文件预览
repo-architecture.md

查看 Research Harness v1.3 技能包中的文件内容。
返回技能详情下载技能包打开来源页
文件内容
references/repo-architecture.md

# Repo Architecture & Governance

> Distilled from real-world AI-native research execution practice

## Three-Layer Repo Positioning

Research work naturally splits into three layers with different ownership and lifecycles:

| Layer | Role | Source of Truth | Should NOT Contain |
|-------|------|-----------------|-------------------|
| `thinking-space/` | Research direction | claims, decisions, hypotheses | raw logs, routine code |
| `execution-layer/` | Experiment execution | briefs, logs, results, drafts | claim reframing, unverified claims as facts |
| `code-workshop/` | Runnable artifacts | code, packages, reproducible tools | research governance, long prose |

**Information flow**: thinking-space defines direction → execution-layer generates evidence → code-workshop provides tools → insights flow back as proposals.

## Phase + Module Contract Dual Governance

Phase controls **time progress** (Phase 0→4). Module controls **asset quality**.

```text
Phase       controls progress over time
Module      controls asset correctness
Manifest    controls experiment facts
Validator   controls local correctness
Checkpoint  controls phase summary
```

### Seven Stable Modules

These modules appear in most research execution repos, regardless of domain:

| Module | Typical Assets | Local Checks |
|--------|---------------|-------------|
| Literature | survey, paper notes, research intake | citation status, source verification |
| Assets | schema, taxonomy, knowledge artifacts | schema compliance, ID validity, evidence status |
| Tasks | test tasks, gold checklist, rubric | task schema, coverage, checklist completeness |
| Runner | prompts, LLM client, run config | output schema, group settings, prompt version |
| Scoring | scorer, metrics, exports | metric definitions, score range, version metadata |
| Results | raw outputs, scores, manifest | run coverage, status, retry records |
| Writing | method, experiment, results drafts | claim evidence, missing refs, critical checks |

## Module CONTRACT.md Template

Every core module gets a contract with 9 fixed sections:

```markdown
# Module Contract: <Name>

## Purpose
## Inputs
## Outputs
## Canonical Files
## Allowed Changes
## Forbidden Changes
## Invariants
## Local Validator
## Downstream Consumers
```

Example invariants for the Assets module:
- Every artifact passes schema validation
- Every taxonomy ID exists in the canonical taxonomy file
- Every artifact has an evidence_registry entry
- Artifacts marked "verified" must have a source citation
- **Derived representations** (vector indexes, graph relations, ontology projections) are projections from canonical artifacts, not replacements. Each derived representation must preserve: source artifact IDs, evidence IDs, projection rules, projection version, and retrieval/traversal logs

## Experiment Manifest

`experiments/results/manifest.csv` is the canonical run ledger.

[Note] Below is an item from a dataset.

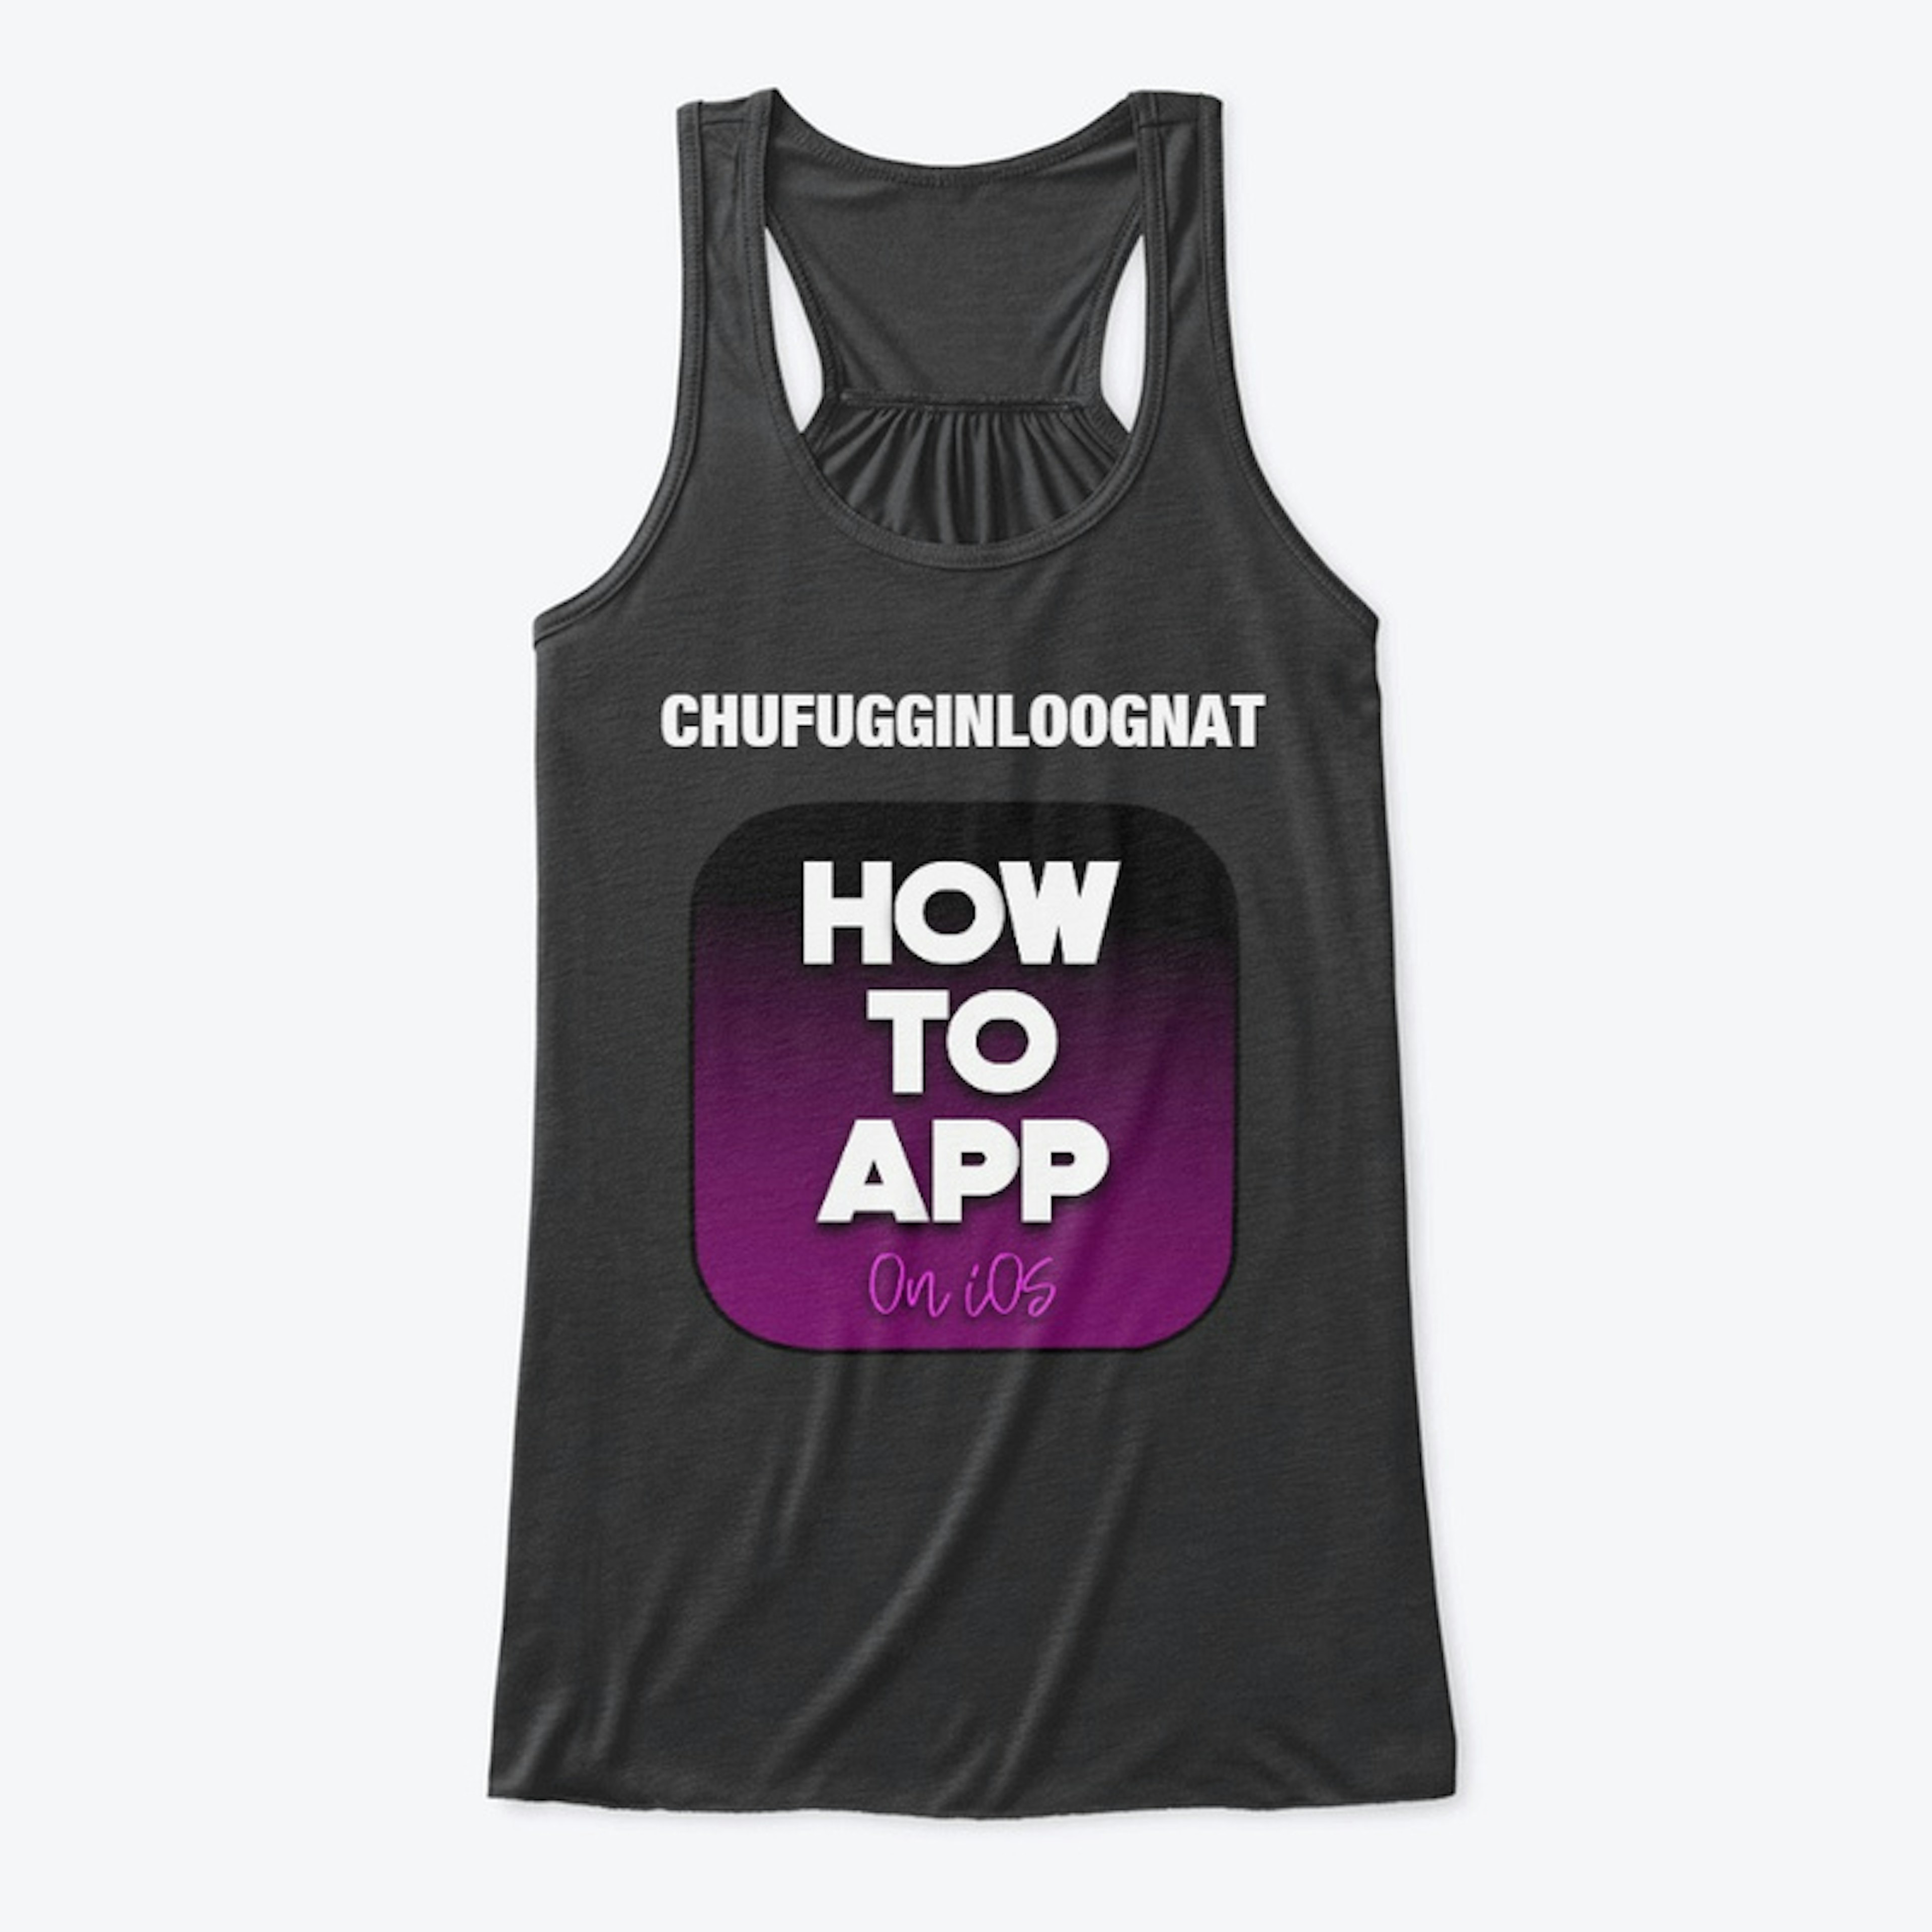 Chufugginloognat How to App Shirt

Key columns: run_id, wave, task_id, group, model, prompt_version, runner_version, scorer_version, schema_version, raw_output_path, score_path, status, retry_of, git_commit

**Rules**:
- Raw outputs only append, never overwrite
- Retries get new run_id + retry_of pointer
- Successful rows must have both raw_output_path and score_path
- wave/task_id/group combo must not repeat unless retry

## Local Validators

```text
scripts/validate_assets.py
scripts/validate_tasks.py
scripts/validate_runner.py
scripts/validate_scoring.py
scripts/validate_results_manifest.py
scripts/validate_repo_state.py  ← aggregator
```

Phase gate rule: `python scripts/validate_repo_state.py` must report 0 FAIL before any formal execution.

## Artifact Creation QA

Artifact quality is governed at two levels:

1. **Card-level evidence**: The card JSON has `evidence_type`, `confidence_level`, `review_status`. A card may appear structurally correct but have no traceable evidence for any individual claim.
2. **Claim-level evidence**: Each critical factual claim in a card has its own row in a claims registry (e.g., `config/card_claims.csv`) with `source_ref`, `evidence_span`, and `verification_action`.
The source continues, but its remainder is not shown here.